Так зачем же тогда она потеряла целых три дня на плакальщиц? Мировая скорбь не помогает решить проблемы, это факт! А из-за чего? Ведь поступи она в музучилище, Анджелка бы ничуть ей не позавидовала б. А теперь ещё неизвестно, кто кого круче? Катя полагала, что она. Ведь на международном пространстве Анджелкин папа - спонсор Колчин, не очень-то котируется. Так что ей самой придётся пробиваться там, а про её способности всем известно. Так что, снова спасибо Михаилу Леонардовичу, вовремя завернувшего Катю из хористок церковного хора.
Так что же, выходит, у неё была в жизни не чёрная полоса, а самая что ни на есть белая? Может и то, что бойфренд Антон свалил от неё за горизонт - тоже большая удача? Наверное, была в нём некая порочная склонность к этаким Симкам? И это удача, что она проявилась? Уж лучше раньше, чем поздно...
Осталось вот с только медалью разобраться, которую зажали. Пока Катя не могла с уверенностью сказать, что в этом ей так уж повезло. Но что-то позитивное в этом, всё же, было. Например - будь она медалисткой, вряд ли согласилась бы таскать тележки с чаем по супермаркету. А где тогда брать деньги на учёбу?
Кстати, вот ещё где удалось применить её молодые и нерастраченные силы - решить денежный вопрос, который для них с мамой всегда был... слегка болезненным. Деньги у них, конечно, были - как не быть, если Тамара Львовна работала над ведомостями и счетами, не поднимая головы. Но они как-то быстро куда-то исчезали. А тут надо за учёбу платить и, заметьте, довольно приличную сумму, несмотря на выгоды удалёнки. Правда, Тамара Львовна, чрезвычайно довольная тем, что дочь выбрала экономический вуз, а не песенки петь, хотела взять оплату обучения на себя. У неё был на примете дополнительный приработок - вести надомно бухгалтерию в одной частной фирме. Но Катя запретила эти галеры. Если мамуле ещё и по ночам работать, то она скоро последнего здоровья лишиться. И так-то выглядит - так себе, а ведь ещё не старая. Катя сама решит этот вопрос.
Но решить его удалось не так чтоб уж сразу.
Ведь в Катином резюме были одни лишь прочерки. Профессии - нет, стажа - нет, нужных корочек и в помине нет. Пару дней она утюжила в поисках работы инет, но её брали лишь курьером или же доставщиком пиццы - за сущие копейки. На эти деньги можно прожить, если только откусывать потихоньку от каждой пиццы. И тут она неожиданно наткнулась на длинный перечень вакансий на сайте известной торговой сети. У них - ура! Или, увы - была сильная текучка кадров. И они всех брали работать - хоть грузчиком, хоть кассиром, хоть продавцом - на почасовую или постоянную работу. И зарплата получше, чем у курьеров. Правильно Милка говорит - не до жиру, бить бы в жилу. Ну, во что-то там бить. Тем более, в этой сети и обучение предлагали.

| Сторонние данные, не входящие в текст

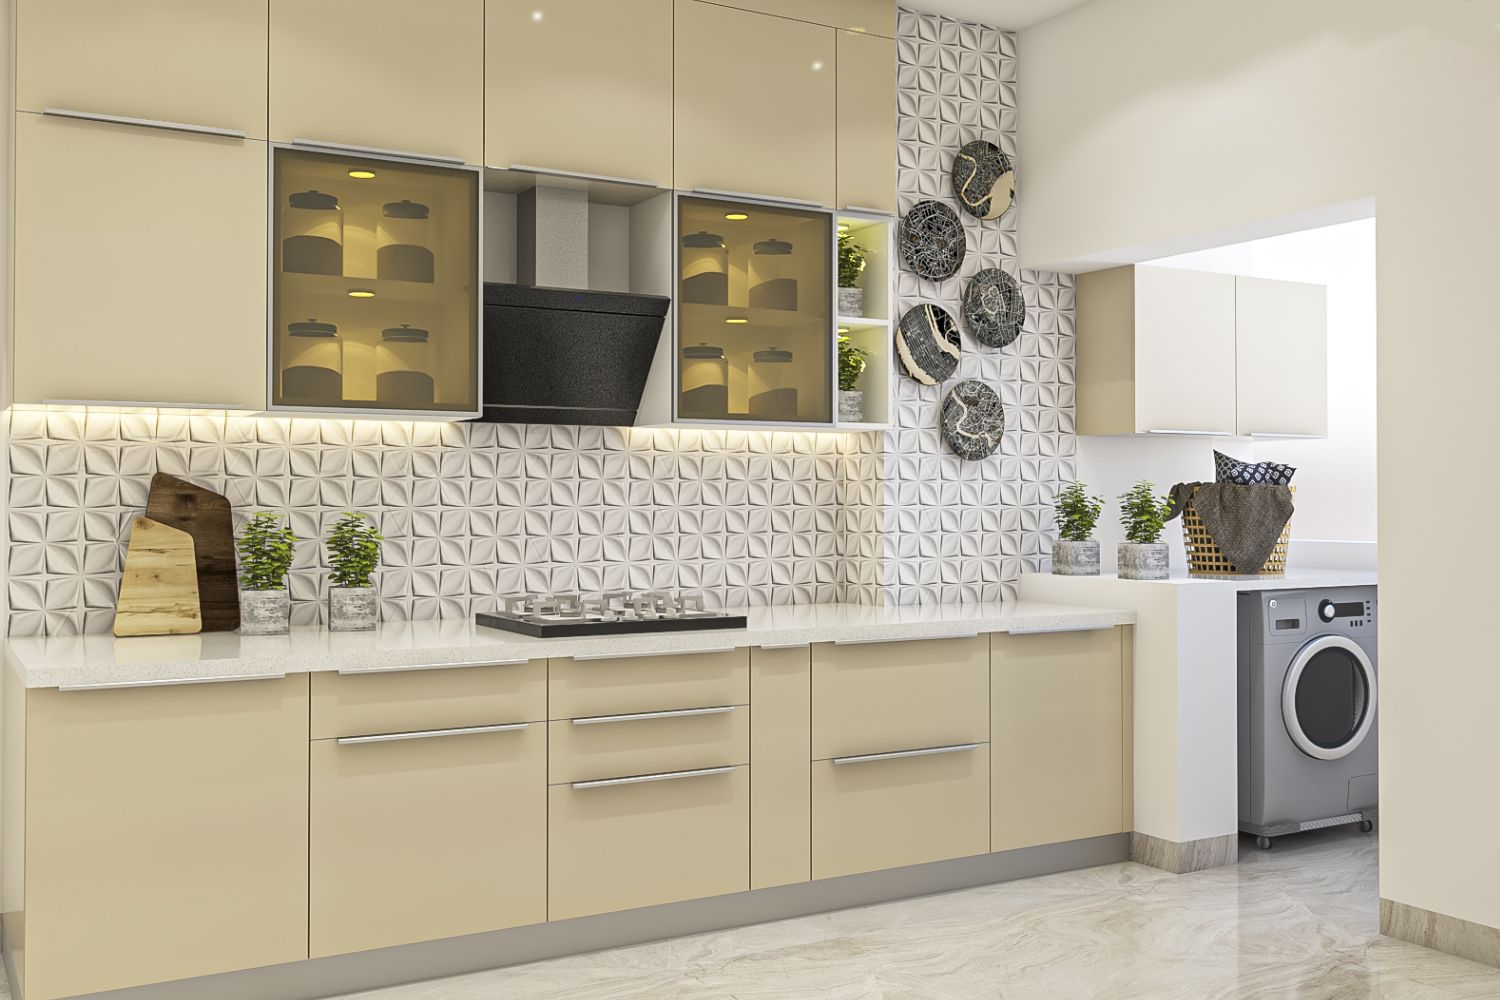 Modern Modular Parallel Kitchen Cabinet Design With 3D Dado Tiles And Light Yellow Cabinets
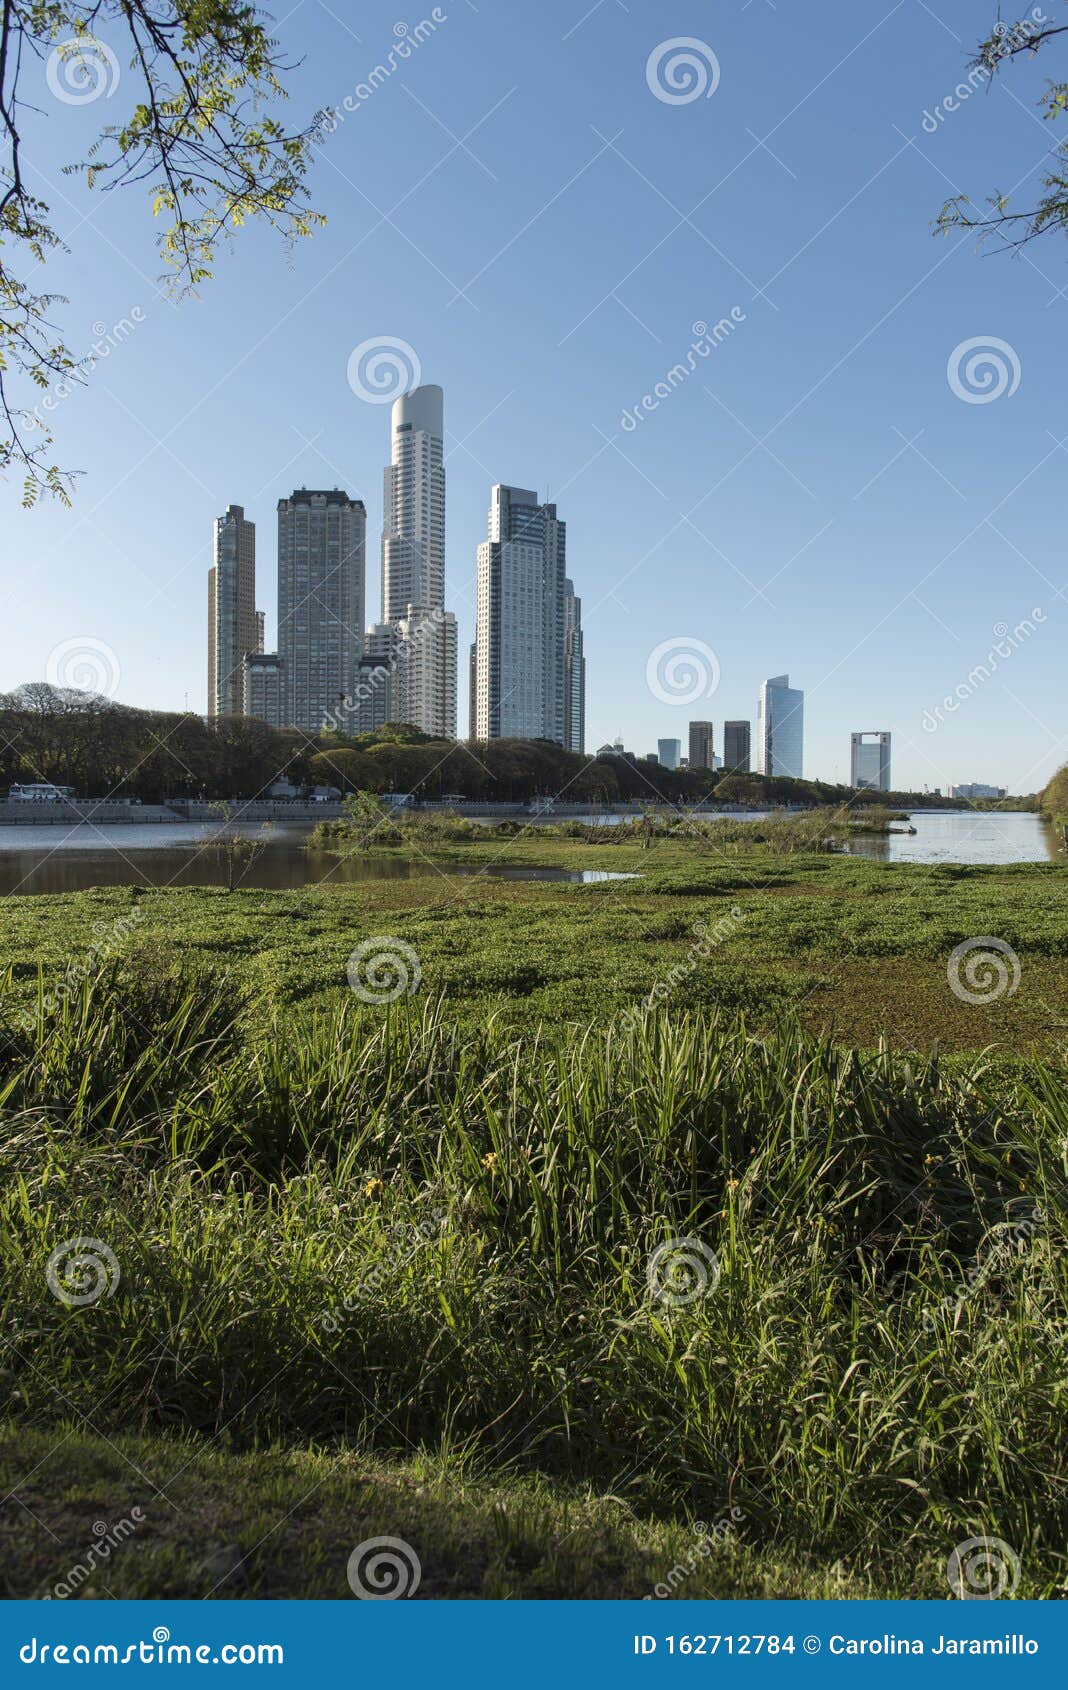 urban nature, puerto madero buildings and the costanera sur ecological reserve

В общем, после ускоренных недельных курсов и получения самой настоящей корочки Катя с радостью уселась за кассу в одном раскрученном супермаркете. К тому же он был недалеко от её дома. График работы - два рабочих дня через два выходных - позволял ей уделять время и учёбе. Хотя всё было не так уж гладко: приходилось перерабатывать, не получая за это надбавки к зарплате, и помогать раскладывать товар в торговом зале, Но Катя была полна энергии, о которой с таким уважением говорил Михаил Леонардович, и легко со всем справлялась. А ещё требовалось, подсматривая, выявлять похитителей магазинного добра. Но это дело у Кати не пошло - не любила она надзирать за бомжами, стариками и детьми - по статистике, потенциальных ворюг. И когда Катя как-то случайно увидала, как два мальчишки-школяра стянули с полки шоколадные батончики, она отвернулась. Выглядели они голодными и неухоженными. Тоже, видать, отец у них - тот ещё полярник.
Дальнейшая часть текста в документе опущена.